Impact of the credit crunch

As with any investment market, there are advantages and disadvantages of a rising and a falling market.

When property prices are rising, buy to let investors benefit from increased capital growth as house prices go up and tenant demand tends to grow as fewer tenants can afford to purchase. The downside for buy to let investors is that the cost of buying a property also rises and typically as rents grow more steadily over time than house prices, rent increases rarely keep up with increased investment costs. This results in buy to let returns tending to decrease.

The credit crunch changed the housing market in two main ways. Firstly, those that wanted to buy found they were unable to secure lending at a reasonable interest rate, and more importantly had to put down much larger deposits, such as 15-25% instead of 5-10%. This meant that even if people wanted to buy a home they didn't have the cash, so they had to rent or stay at home.

Secondly, with a fall in demand for residential property, prices started to slip and with all the bad news about banks and a pending recession, those that could still afford to buy decided to hold off. This led to further bad news about falls in property prices, people continued to delay buying and prices continued to fall and are likely to do so, until confidence and more flexible lending comes back into the market.
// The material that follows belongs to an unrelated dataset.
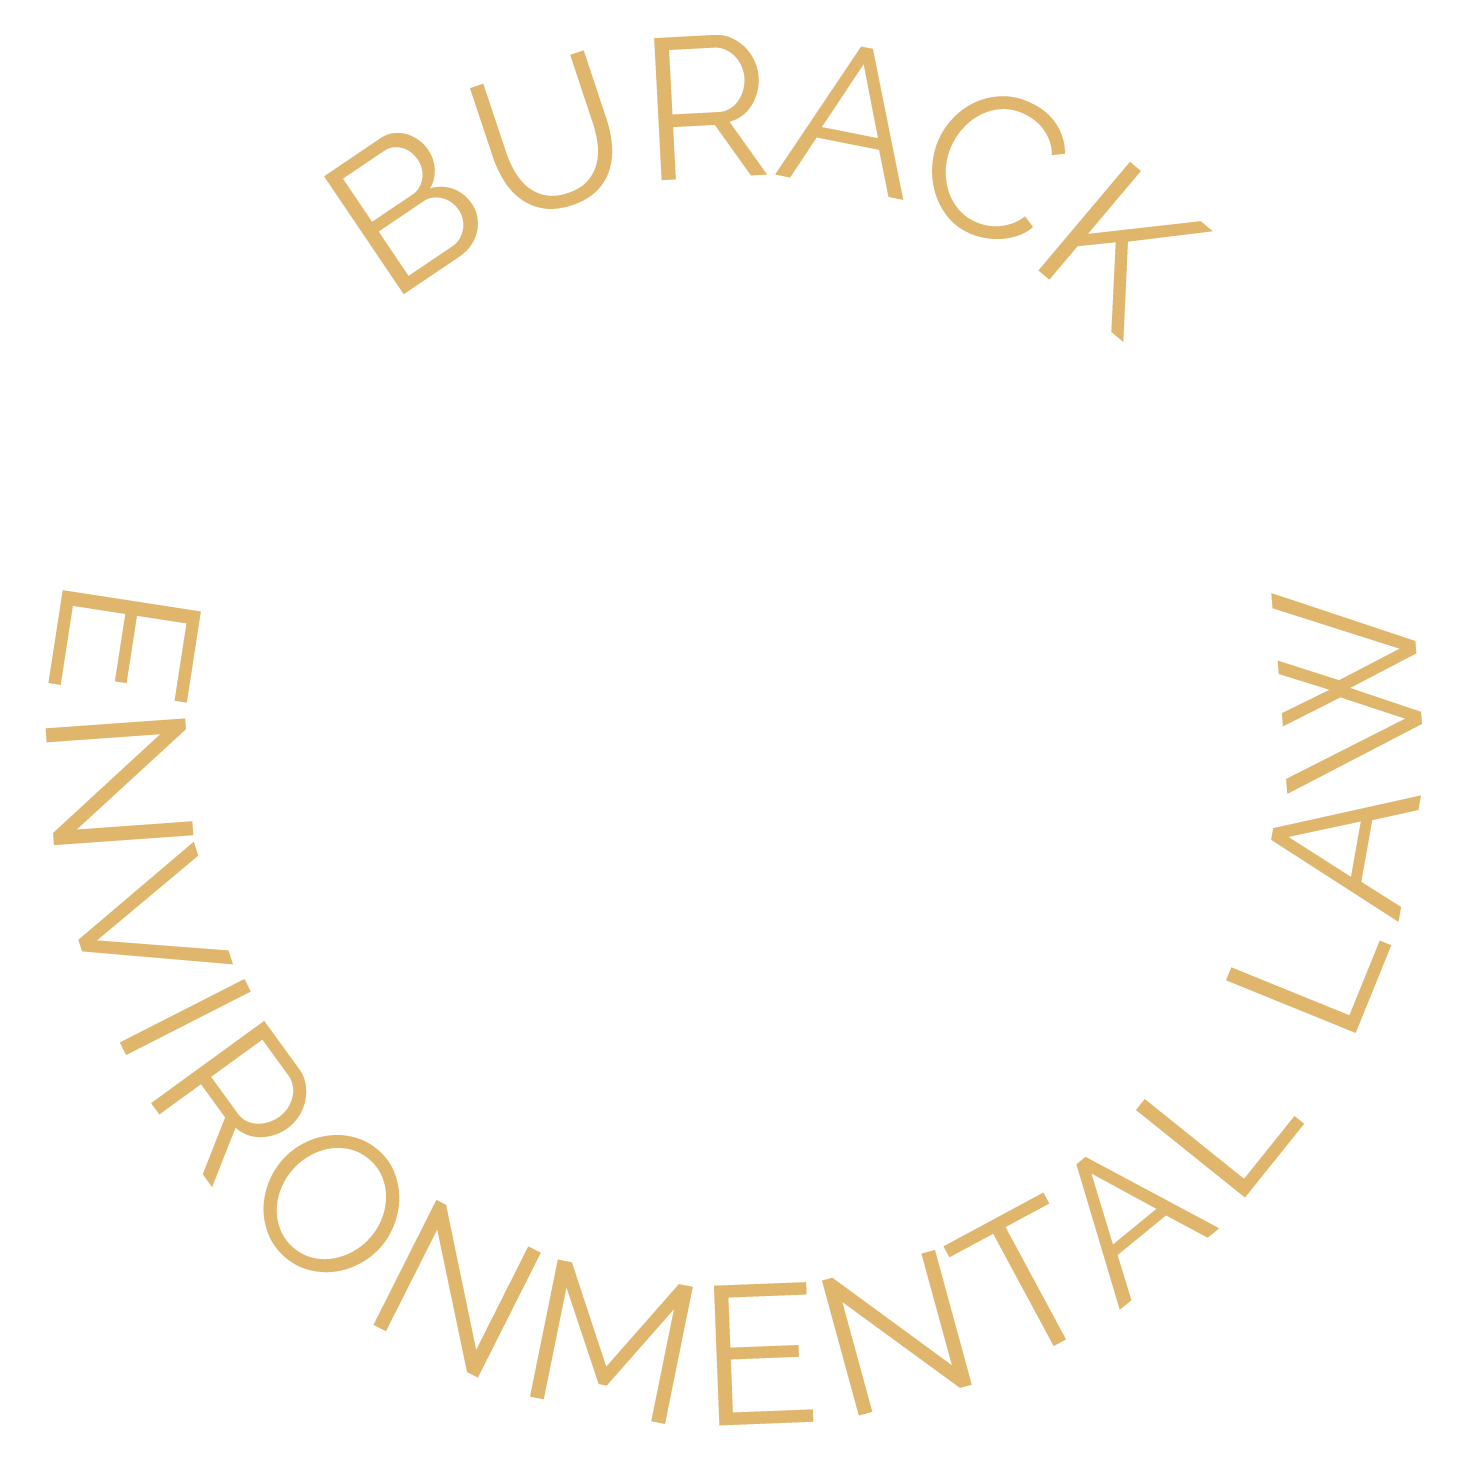 Burack Environmental Law

For the Lettings Market this initially gave the market a boost. From 2006 through to 2007, a slight oversupply in some areas had caused rental returns to fall to 4-6%. Meanwhile rising interest rates meant you could secure a 7-8% return by leaving your money in the bank. With the credit crunch driving down interest rates to 1.5% in December 2008 and now down to an all time low of 1%, even 4-6% returns makes buy to let a more attractive investment!
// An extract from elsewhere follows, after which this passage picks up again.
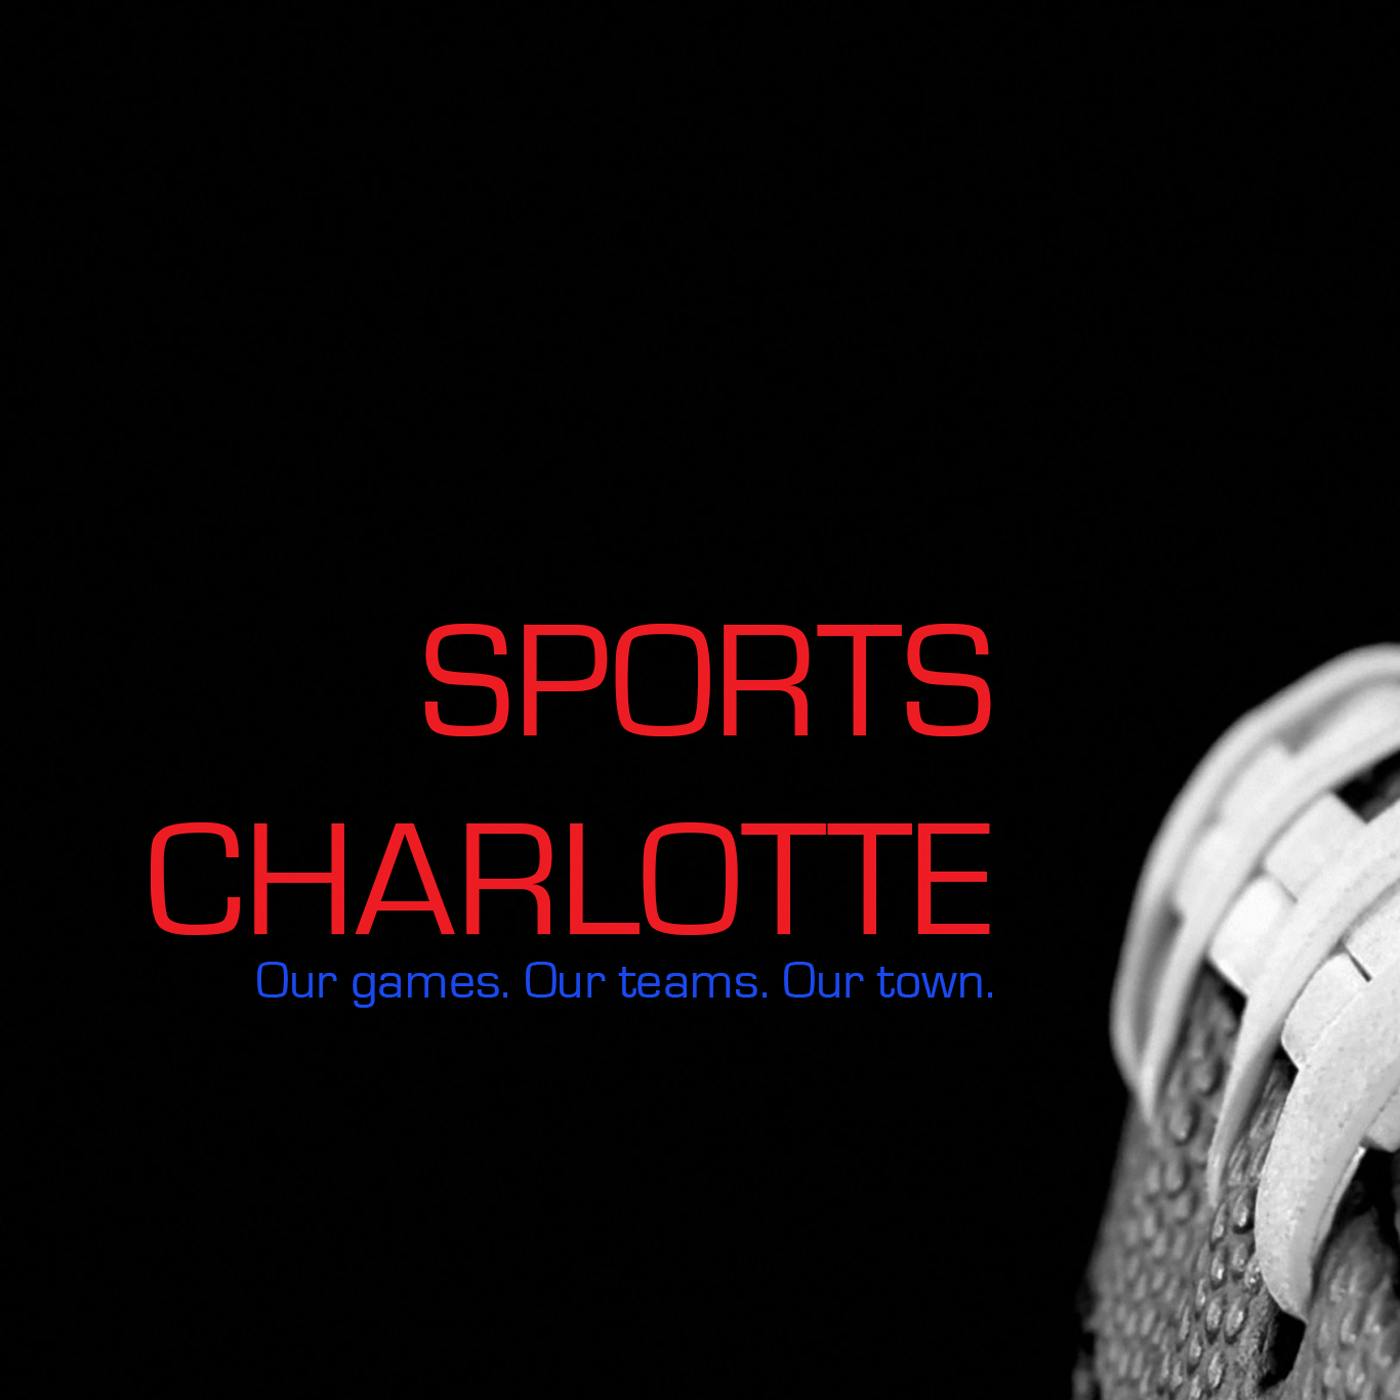 Chris Clunie | About Davidson Athletics

From the latter part of 2007 to the end of September 2008, rental demand shot through the roof.  People couldn't afford to purchase properties or were too frightened to, so they continued to rent or went into rented accommodation rather than bought. This led to a general rise of 10% in rental income - more in some areas, slightly less in others - providing a great financial boost to buy to let investors and letting agents.


However by October 2008, things started to change again. The volume of properties being let was still higher than the previous year (in most areas), however frustrated sellers, often courted by estate agents who were quickly turning to lettings to boost their flagging income, put their homes up for rent so they could move on.

This, for many areas, tipped them into oversupply again, and although the number of lets were going up, suddenly buy to let landlords were competing with homeowners desperate to rent their property. Rental prices fell back and only the properties in the best areas, with the best value price tag were let.

In 2009, tenant demand is generally up and good value properties in good condition, in good areas are still renting at good prices. Those that hold out for too high a rent or have properties in not such good condition will struggle to let. Another issue that is on the increase as we head into recession is the rise in unemployment which will increase the number of tenants defaulting on their rent, so it is worth considering protecting against this.

The biggest difference in 2009 though, is that those buy to let investors who have the cash to buy property are starting to see the benefits of a falling housing market. Properties that were out of their price range are now becoming extremely good value for money, with reports of desperate sellers selling property at up to 50% below its current (low) market value. This allows investors to snap up bargain properties that when the market turns, will benefit from some great capital growth and help to boost those all important rental returns.